Fact 5. In spite of the rhetoric of FIAT depicted as an enterprise “capable to walk in the market on its own legs”, from the end of the 1980s and the early 2000s FIAT has enjoyed public subsidies of the order of €500mn per year. Perhaps FIAT should have been given subsidies to deal with the crisis by the Italian government, or at least Marchionne should have asked.
Fact 6. Over the last ten years FIAT global employment in car production has fallen from 74 thousand to 54 thousand units, of which only 22,000 are in Italian factories. Employees have average skill levels lower than those of FIAT’s competitors, and among the lowest wages in the sector in Europe.

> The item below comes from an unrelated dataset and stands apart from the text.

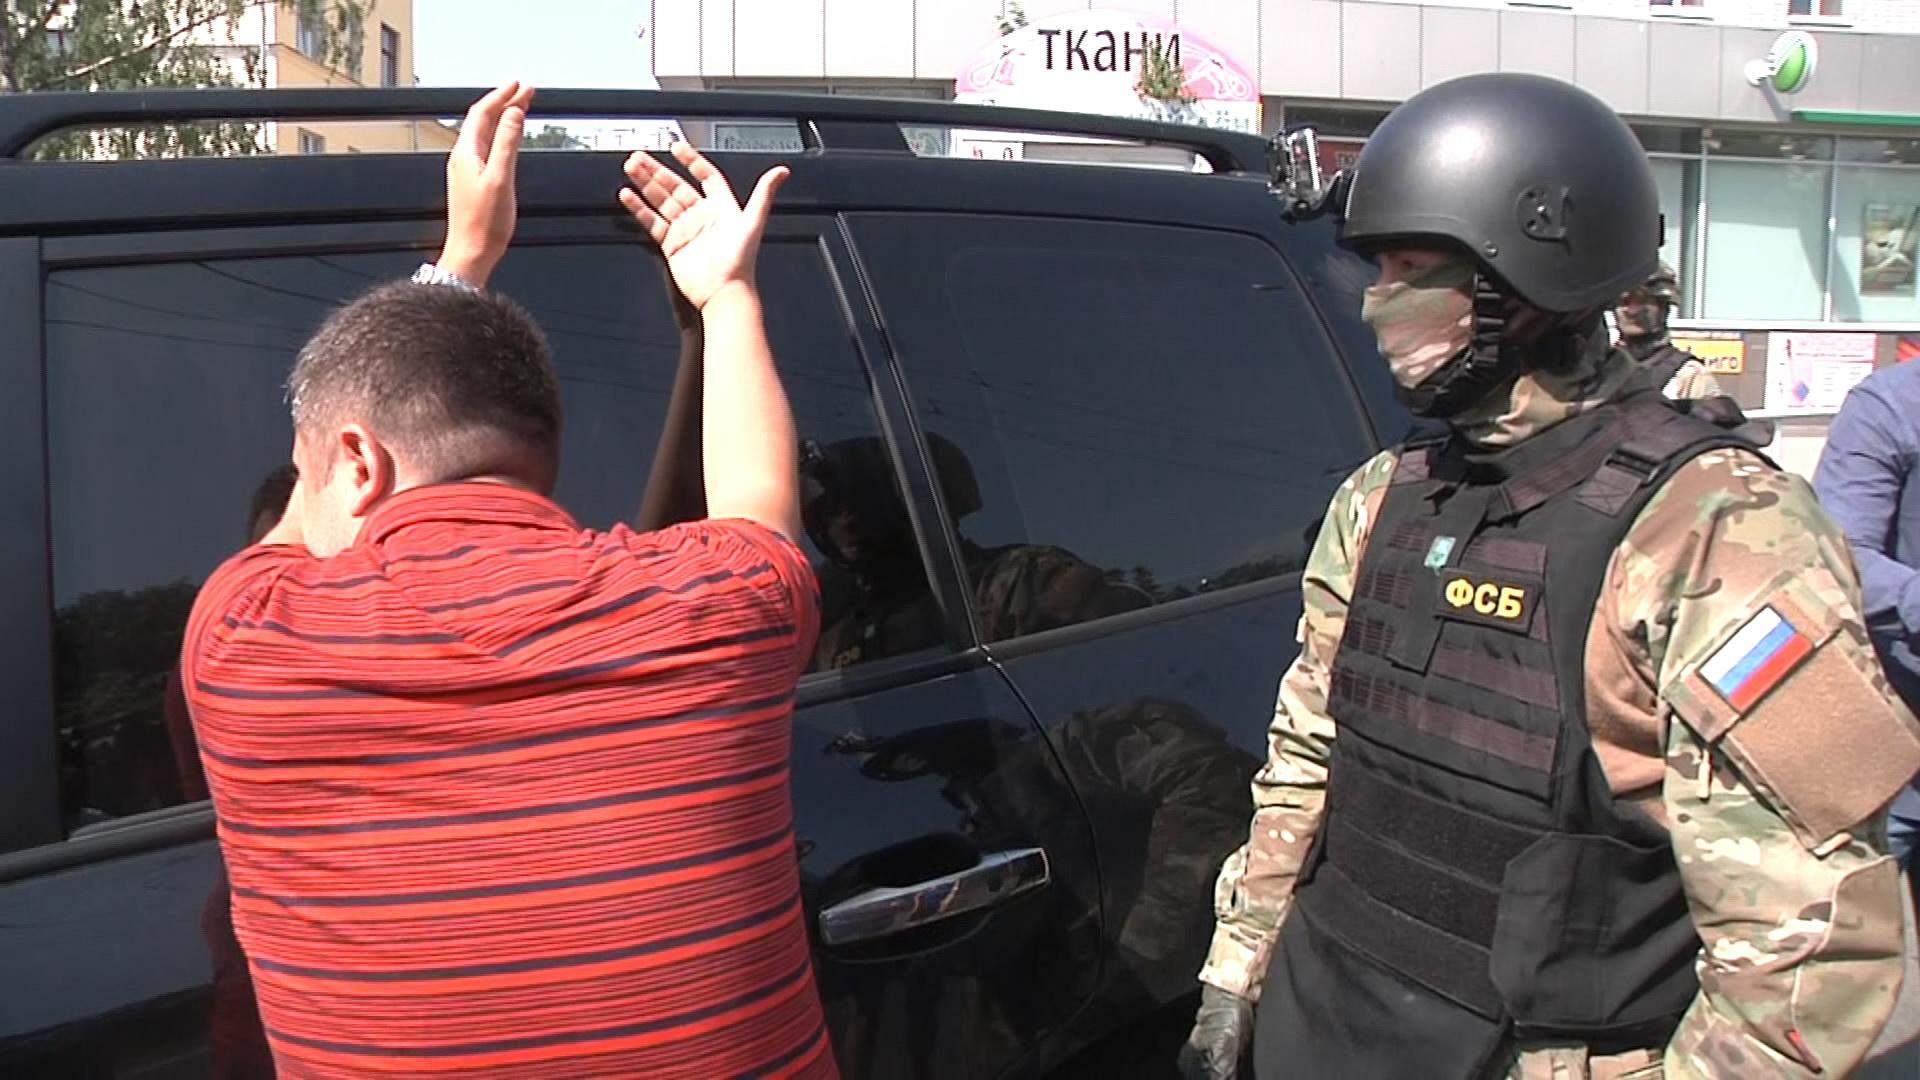 Вологодский суд санкционировал заключение Ханчаляна под стражу
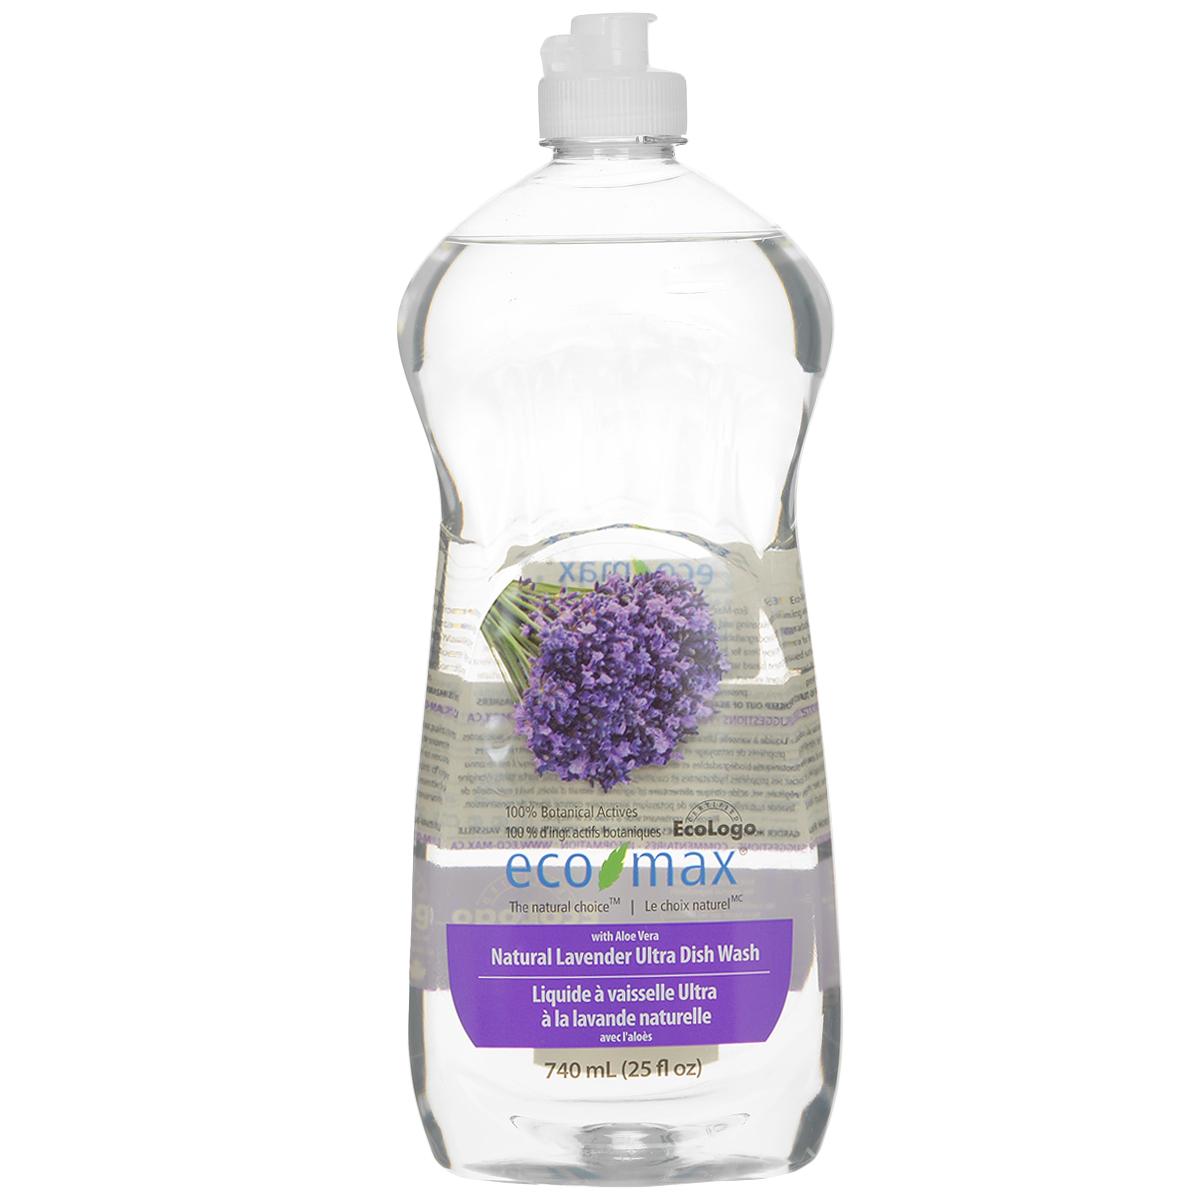 Средство для мытья посуды Eco Max Лаванда, 740 мл0298597Средство для мытья посуды Eco Max - натуральное средство на 100% растительной основе, полностью биоразлагаемое. В этом средстве используются активные чистящие вещества ингредиентов, полученных из биоразлагаемых и возобновляемых растительных источников. Содержит алоэ вера, обладающее увлажняющими и заживляющими свойствами. Натуральное лавандовое масло придает посуде свежий аромат. Состав: вода, ПАВ растительного происхождения, растительный экстракт алоэ вера, соль, пищевой сорбат калия в качестве консерванта, пищевая лимонная кислота (из плодов лимона), натуральное эфирное масло лаванды. Товар сертифицирован.

Fact 7. In 2004-2009 Dr Marchionne earned €36.6mn euro, including the accumulation of his golden handshake, i.e. €6.3mn a year. Plus 4million free shares, worth 69.8mn on 7 January 2011, which will have appreciated further already since then. This brings his yearly income to €38.8 mn a year (See Massimo Mucchetti, "Marchionne e lo stipendio del dipendente FIAT", Corriere della Sera, 9 January 2011), which corresponds to 1,037 times the average yearly cost of Italian metalworkers' labour over the same period. Not that this matters for the plausibility of FIAT’s industrial policy stance but certainly not an irrelevant consideration in providing a perspective for the average FIAT metalworker, whether or not she is a FIOM member.